Please print exactly the lines below, from the start of the material up to and including the line with "Martini Lover Gift", but none of the pictures.

INFORMATION SUPPLIED ▸
┏━━
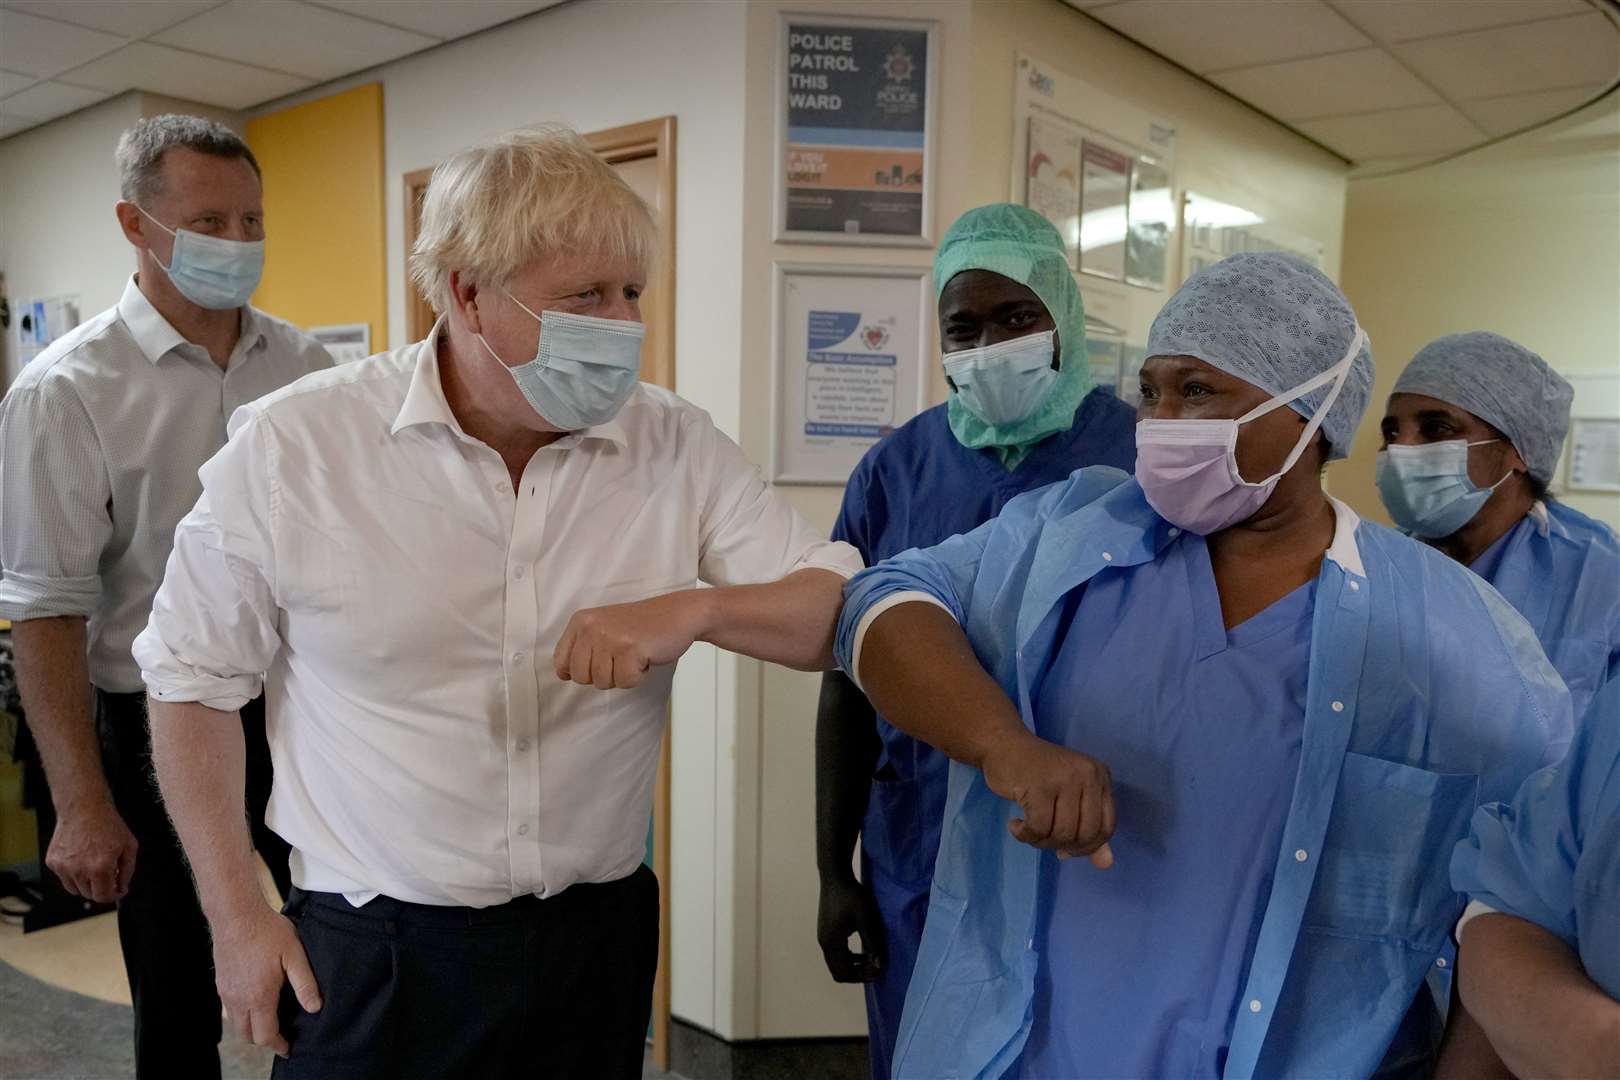 Prime Minister Boris Johnson meets members of staff during a visit to the South West London Elective Orthopaedic Centre in Epsom, Surrey (Kirsty Wigglesworth/PA)
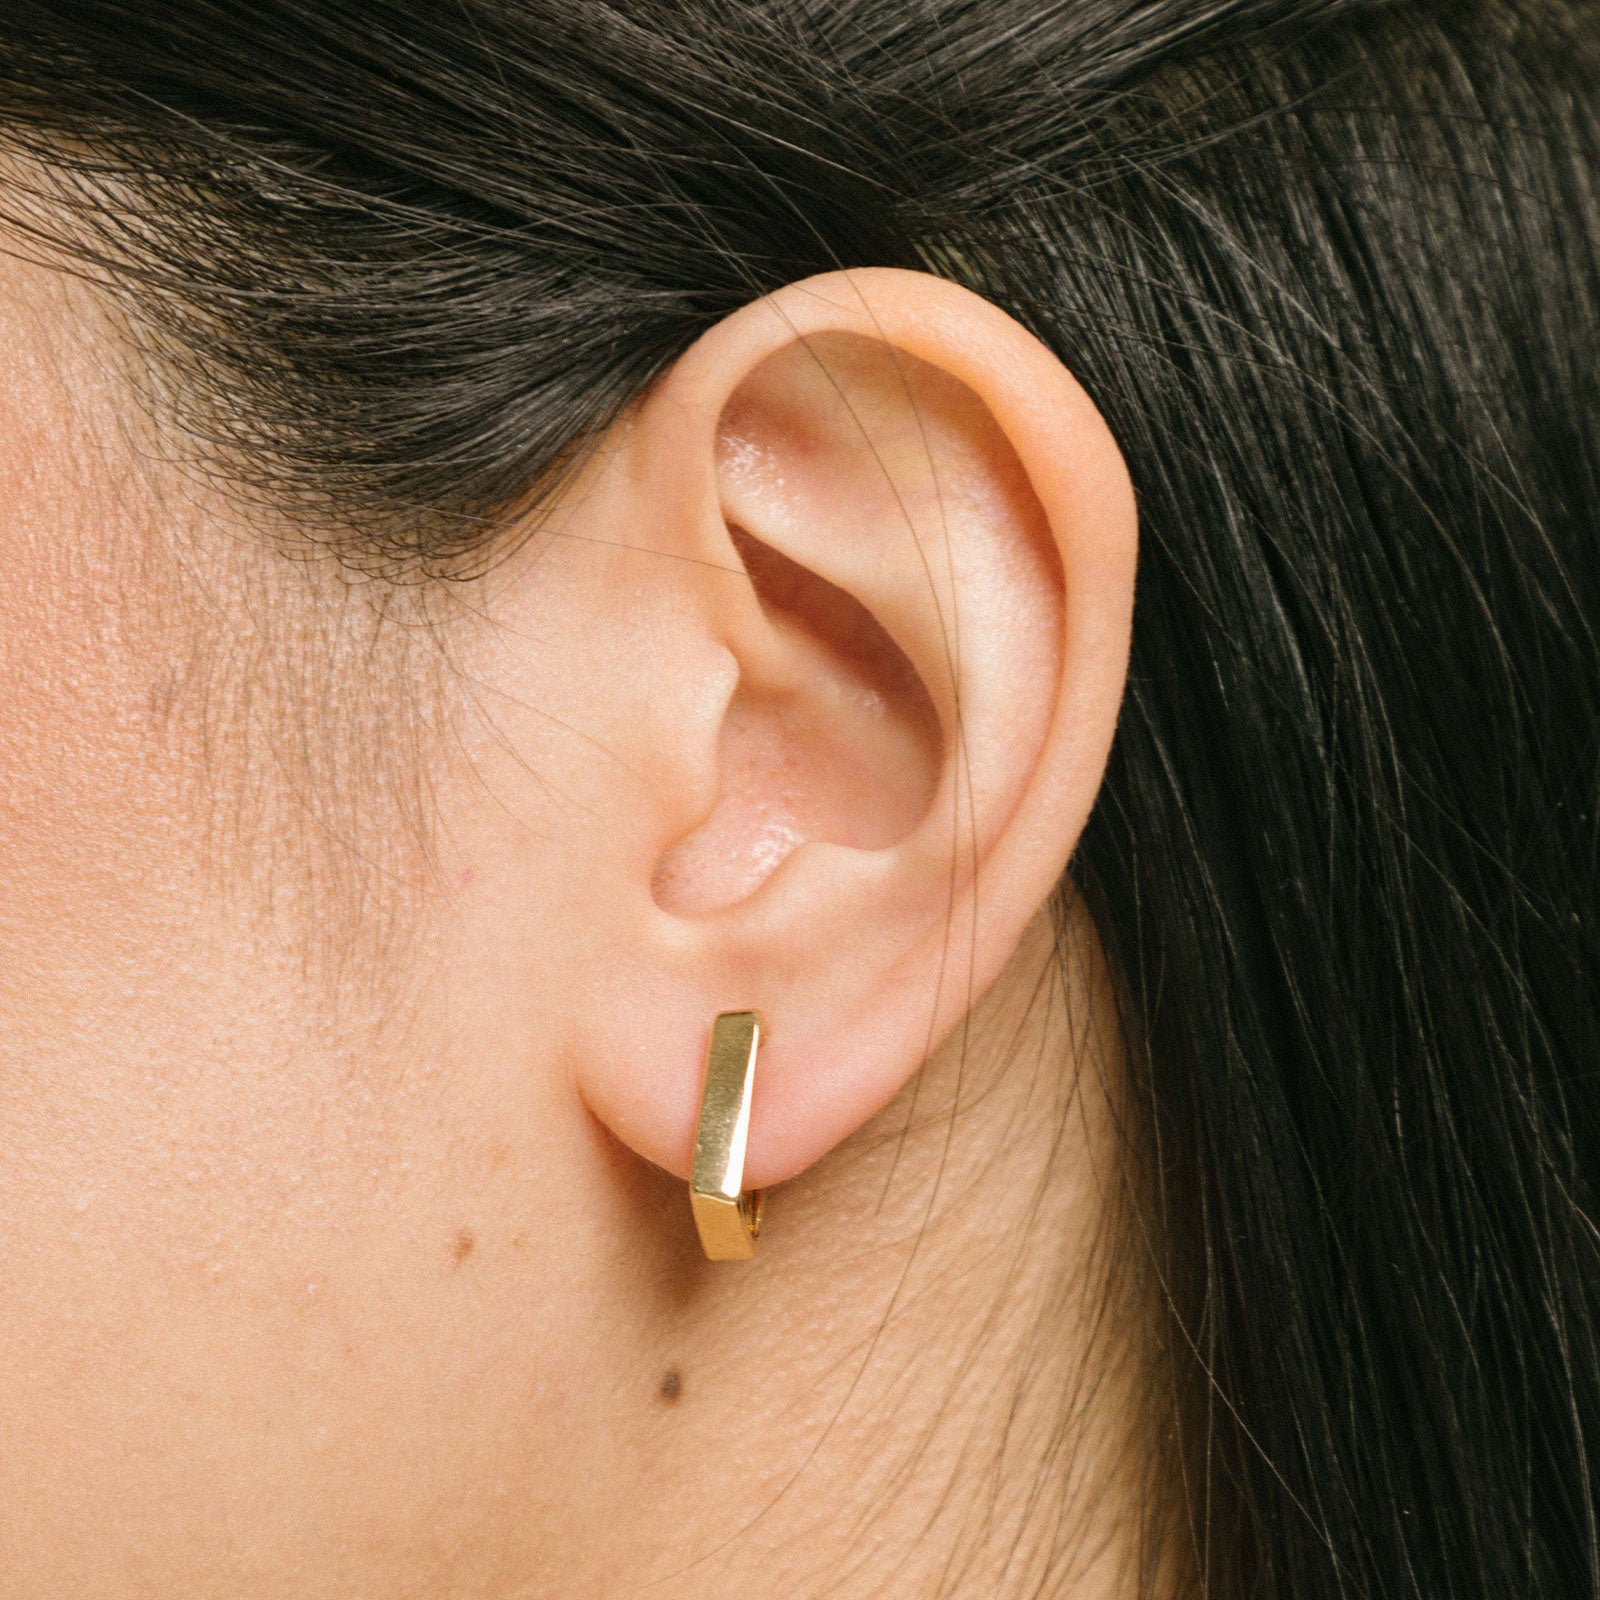 A model wearing our Classic Square Huggie Hoop Clip-On Earrings - 14k Gold plated metal alloy, non-tarnish, and water-resistant. Modern square clip-on design with mosquito coil closure and paddings for a secure, comfortable fit all day.
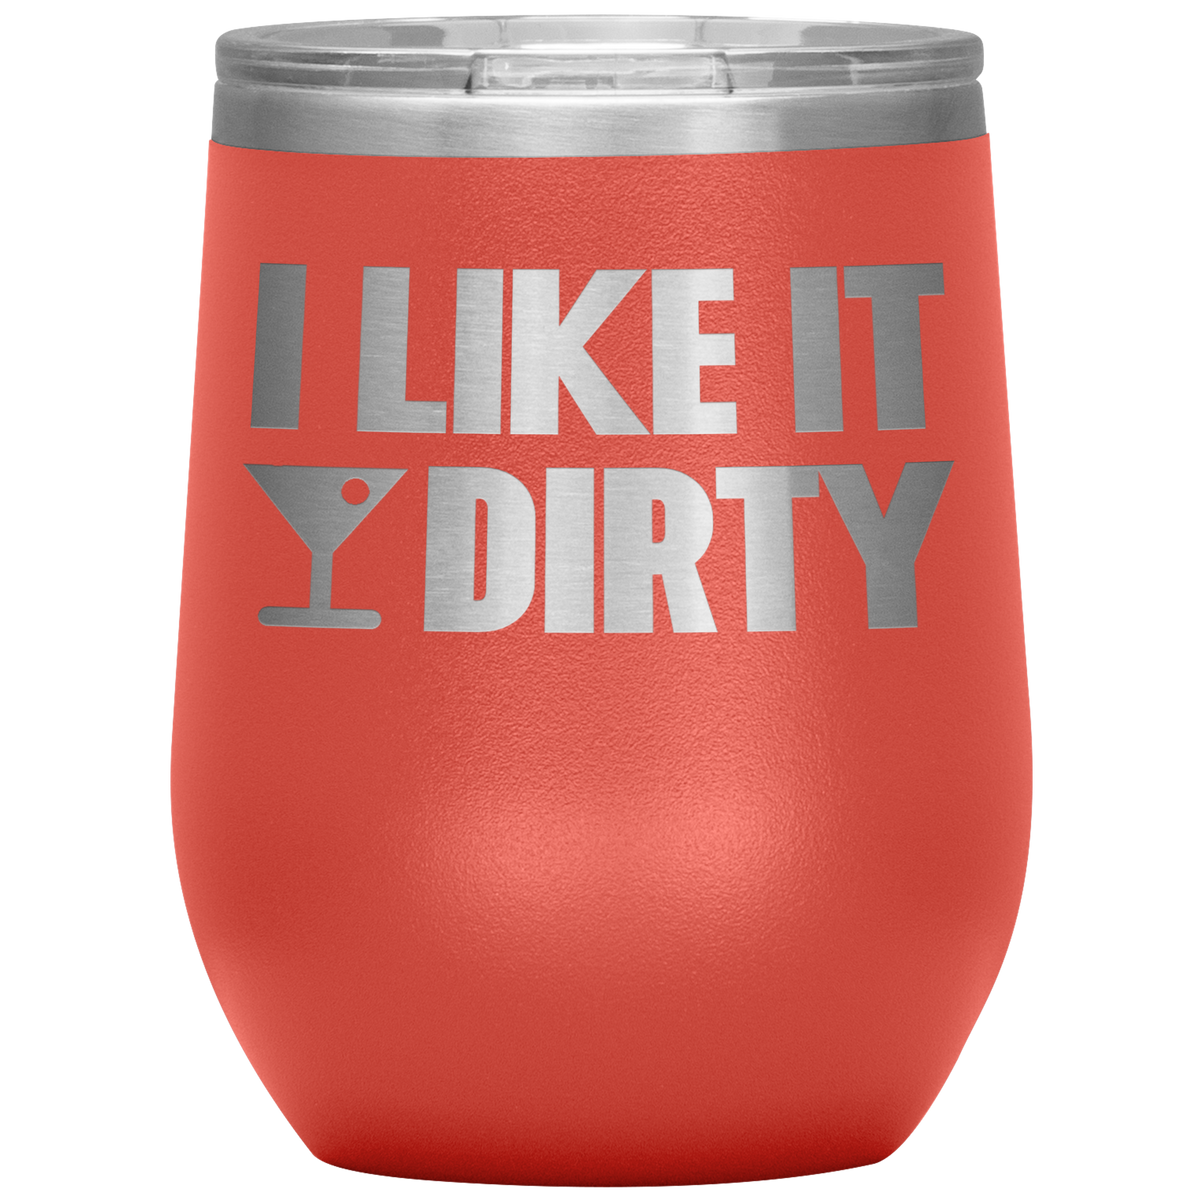 Martini Lover Gift I Like It Dirty Cocktail Tumbler
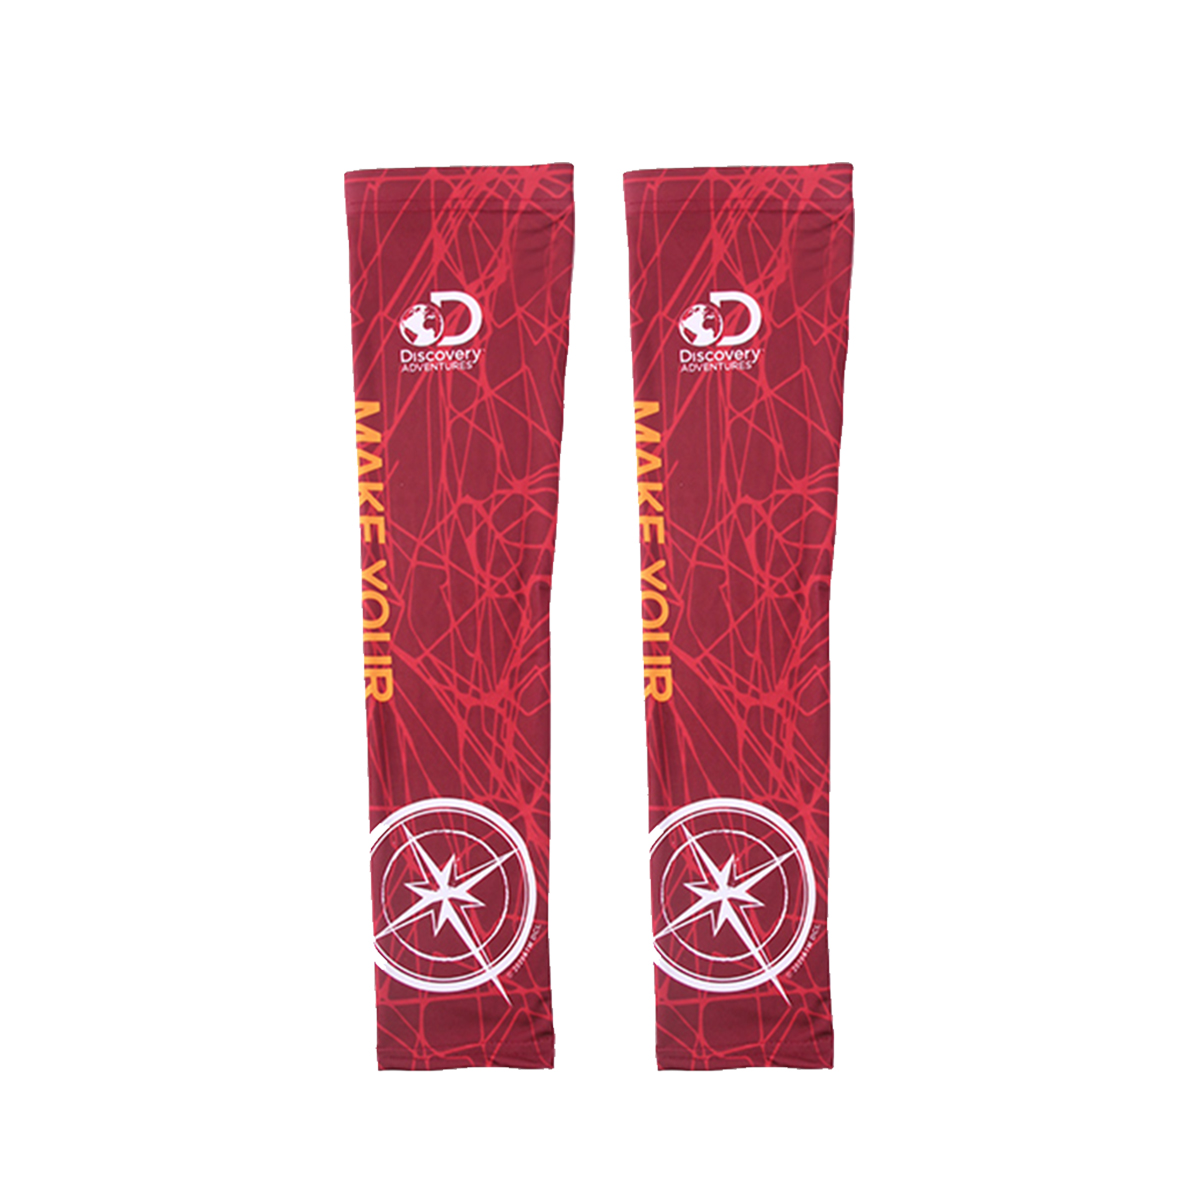 DISCOVERY ADVENTURES OUTDOOR DFG21535 ARM SLEEVES
┗━━
RESPONSE AREA ▸
 Prime Minister Boris Johnson meets members of staff during a visit to the South West London Elective Orthopaedic Centre in Epsom, Surrey (Kirsty Wigglesworth/PA)
 A model wearing our Classic Square Huggie Hoop Clip-On Earrings - 14k Gold plated metal alloy, non-tarnish, and water-resistant. Modern square clip-on design with mosquito coil closure and paddings for a secure, comfortable fit all day.
 Martini Lover Gift I Like It Dirty Cocktail Tumbler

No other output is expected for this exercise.